▶ _WORK REQUEST_:
Please restate the data that follows word for word, with the pictures left out.

##### SUPPLIED MATERIAL #####

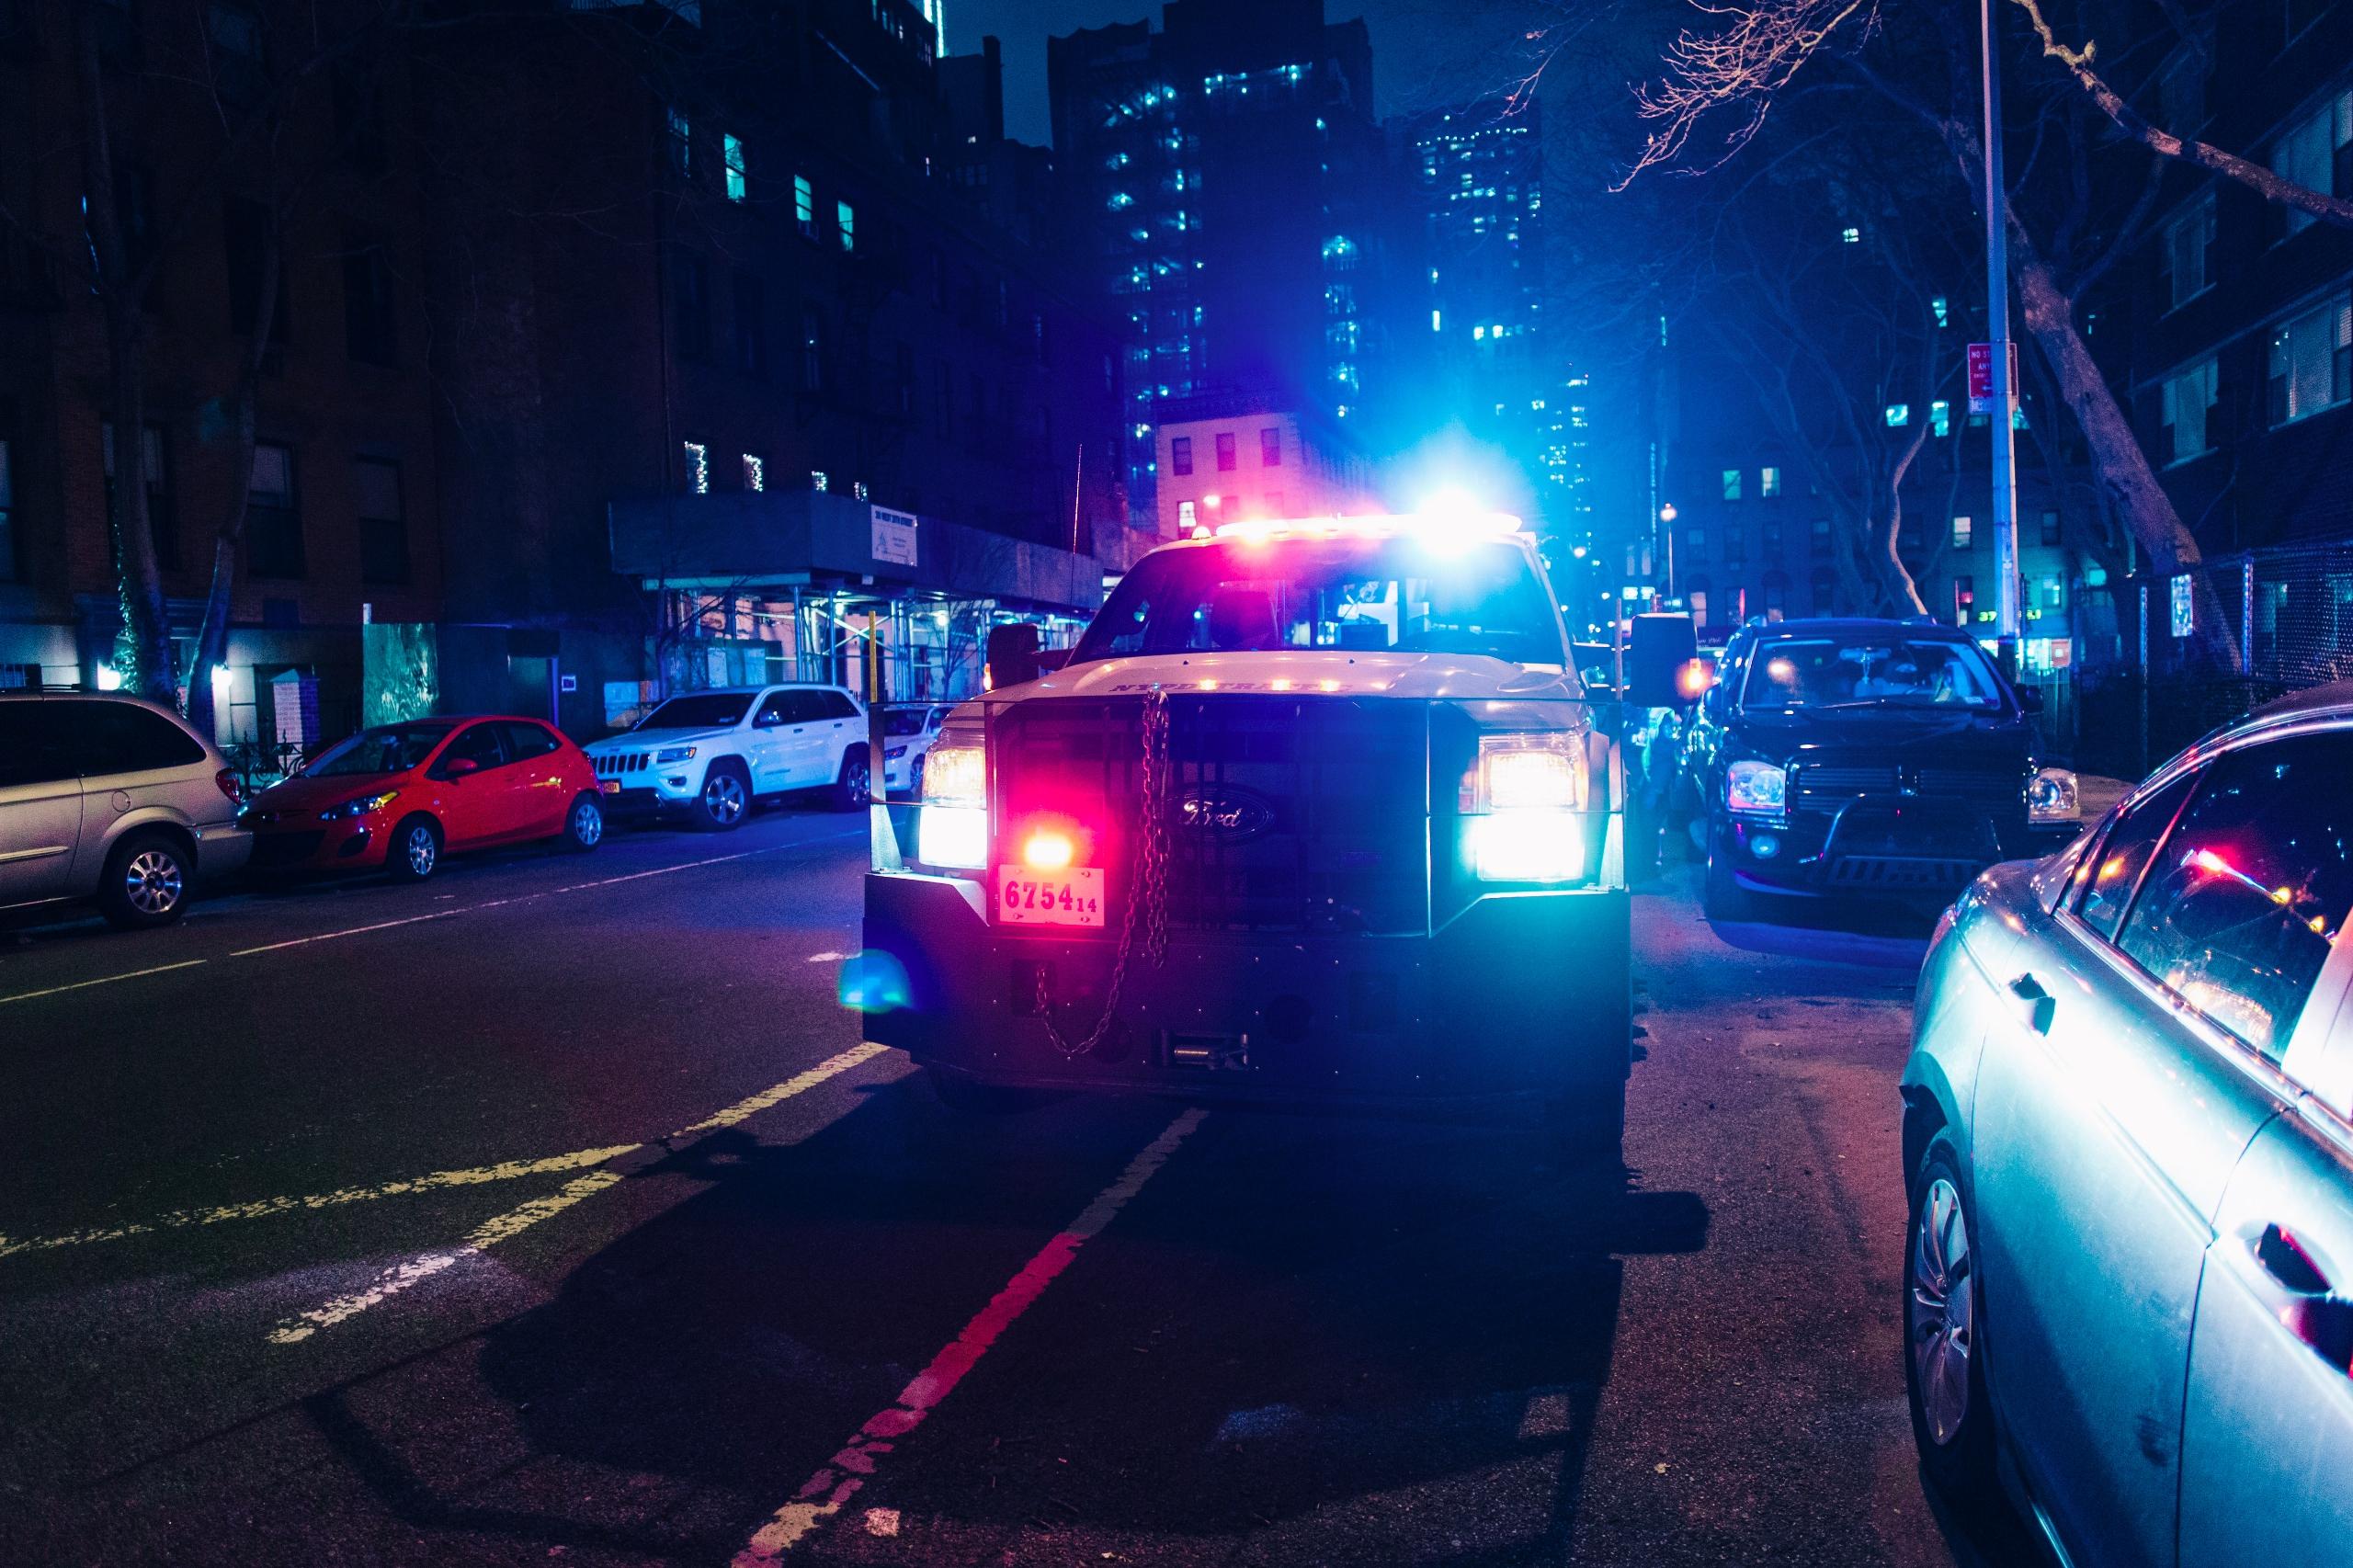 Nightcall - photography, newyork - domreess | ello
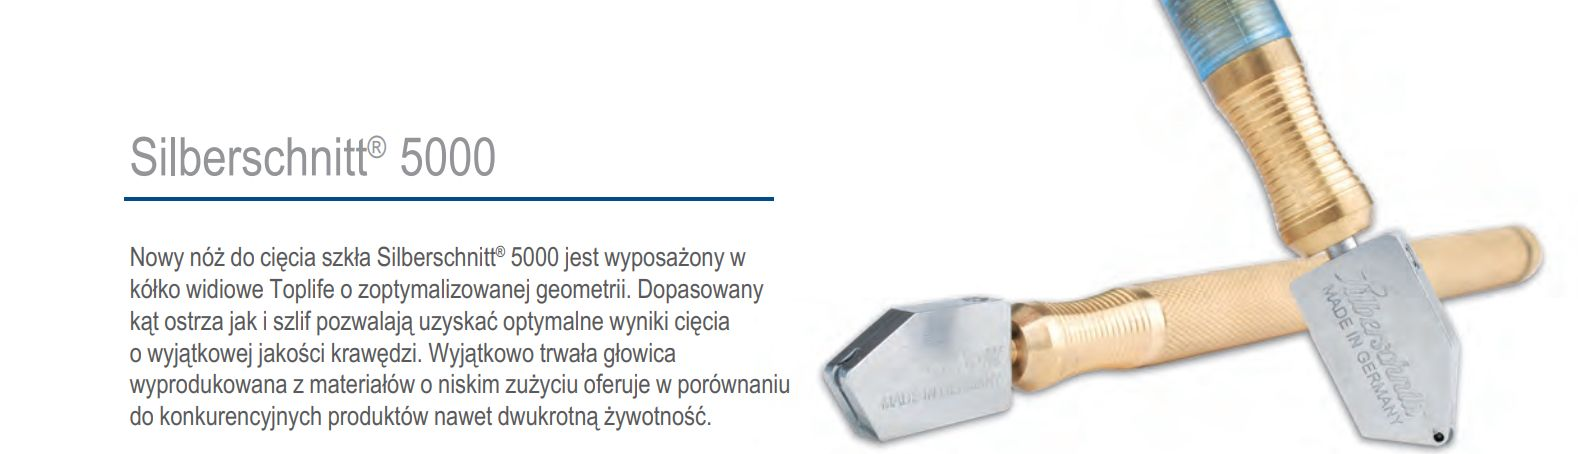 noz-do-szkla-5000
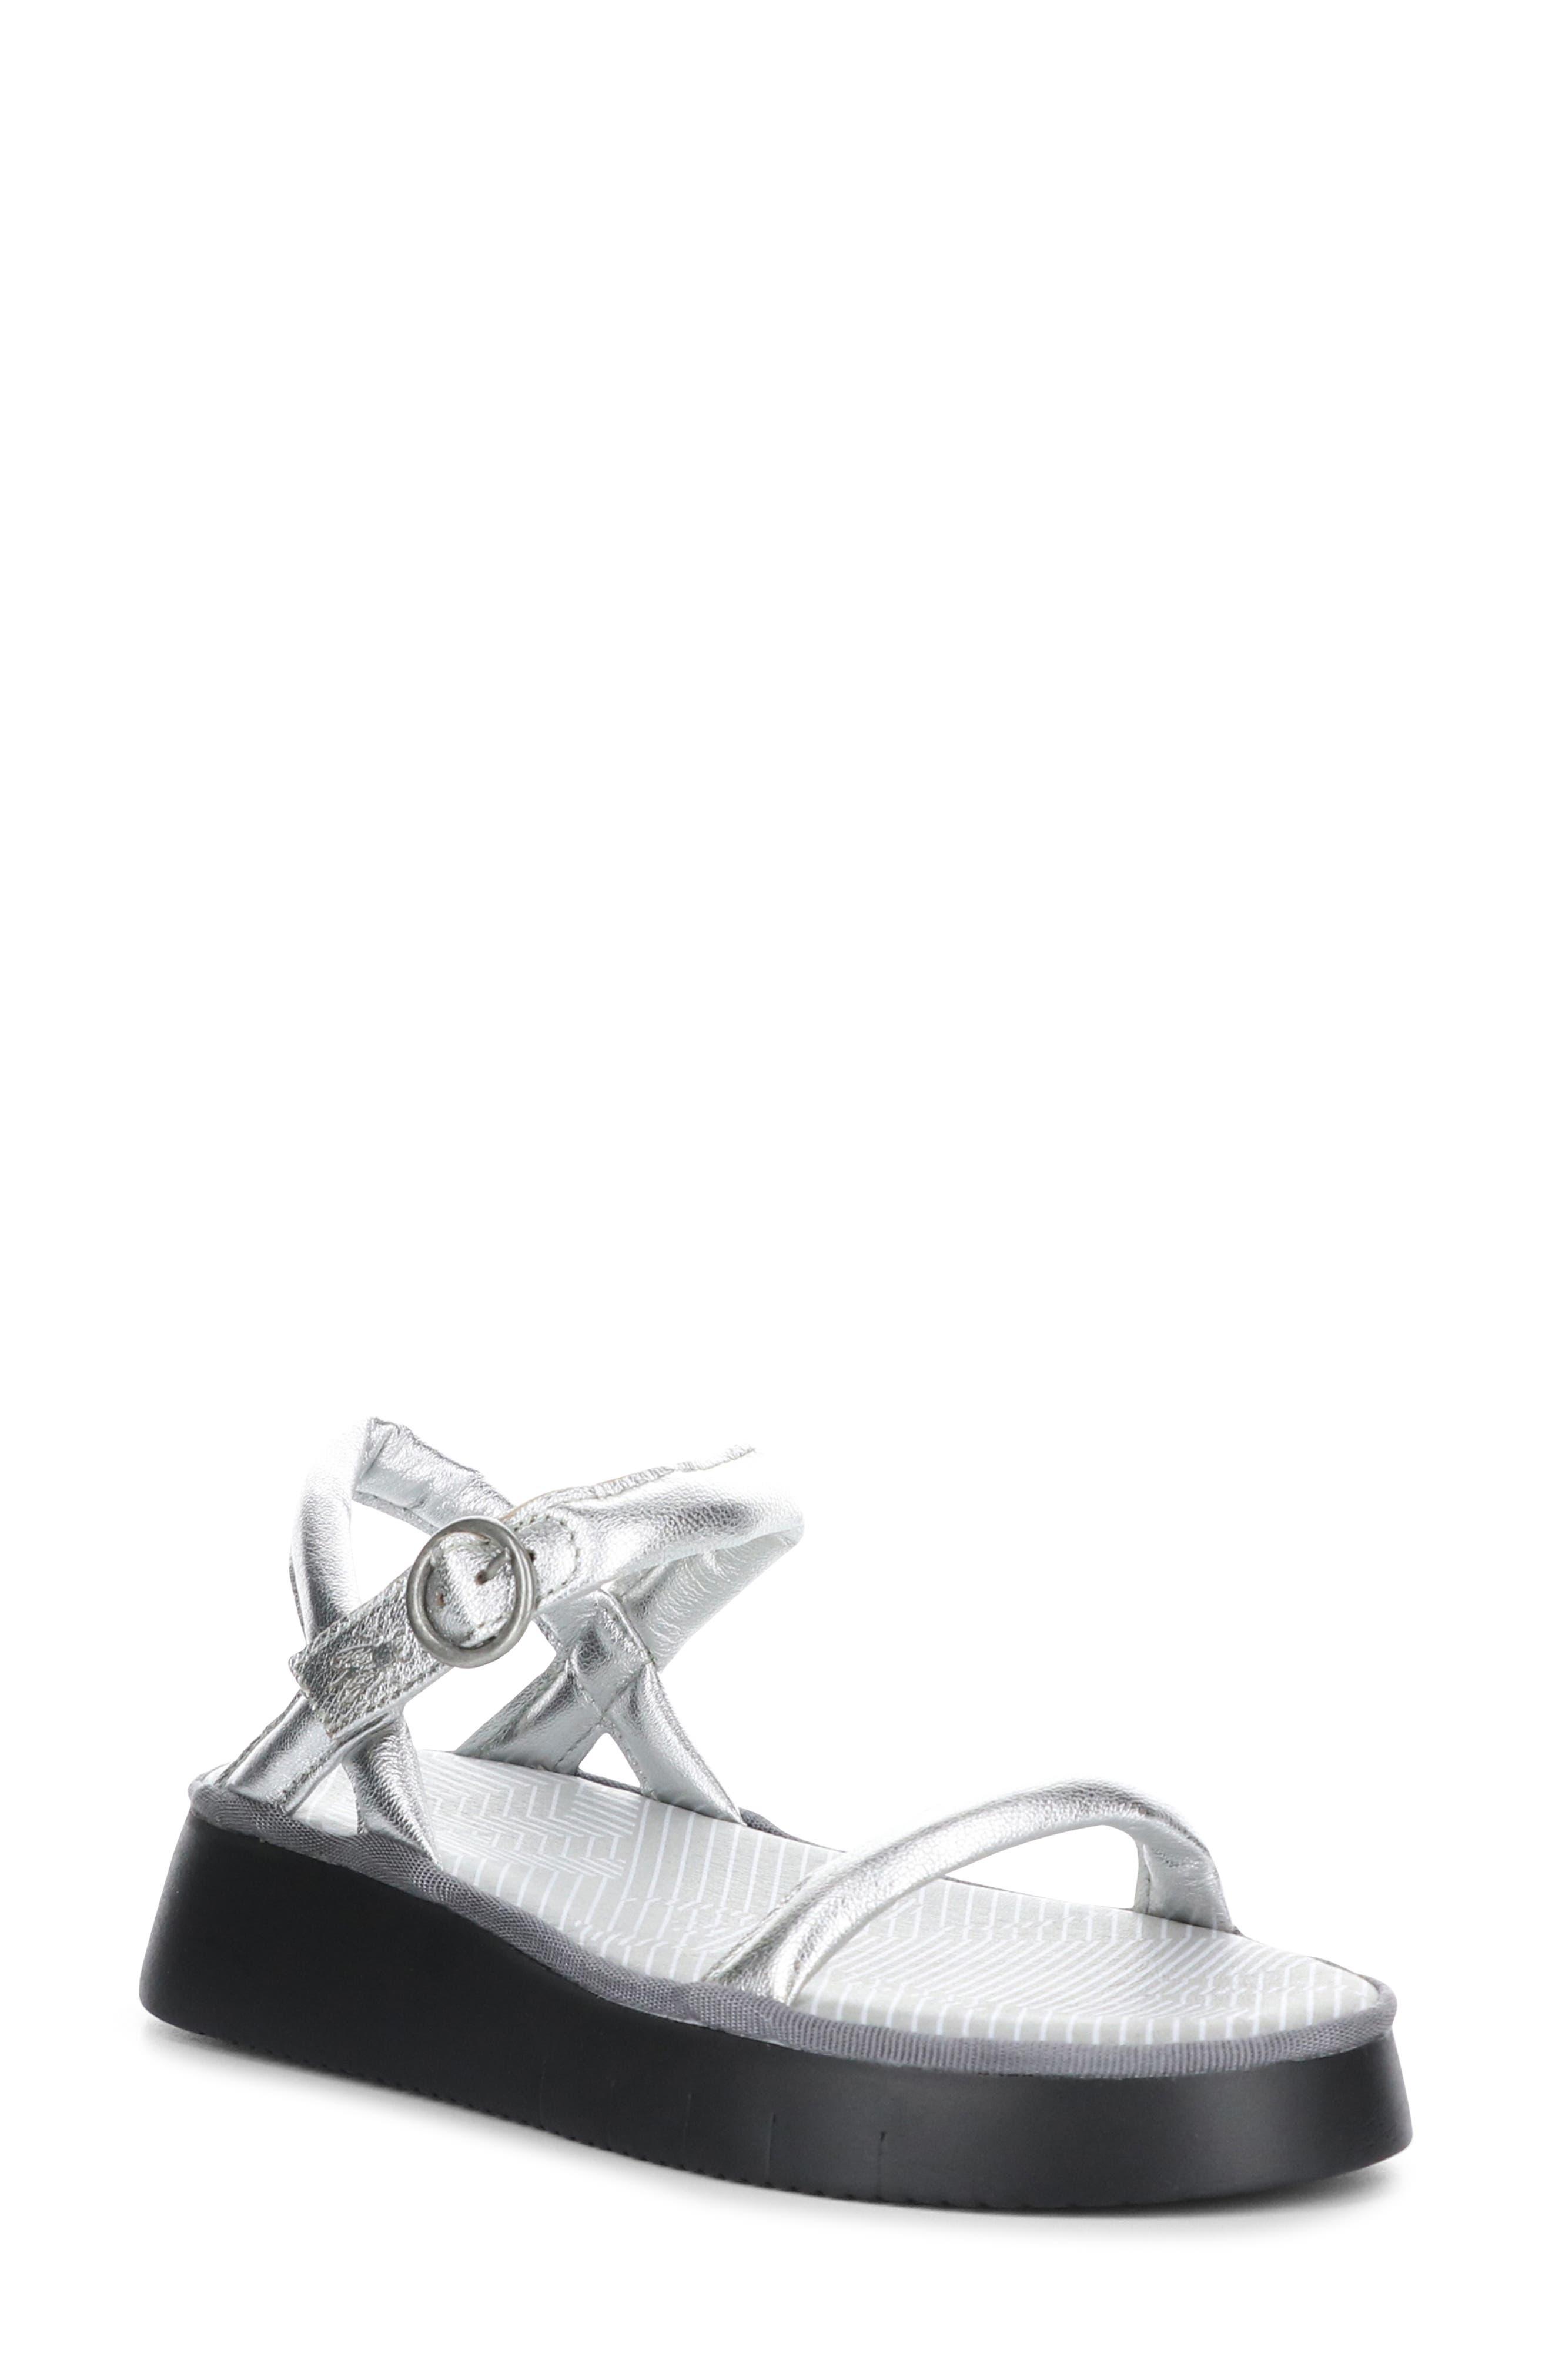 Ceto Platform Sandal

#####

▶ _SOLUTION_:
 Nightcall - photography, newyork - domreess | ello
 noz-do-szkla-5000
 Ceto Platform Sandal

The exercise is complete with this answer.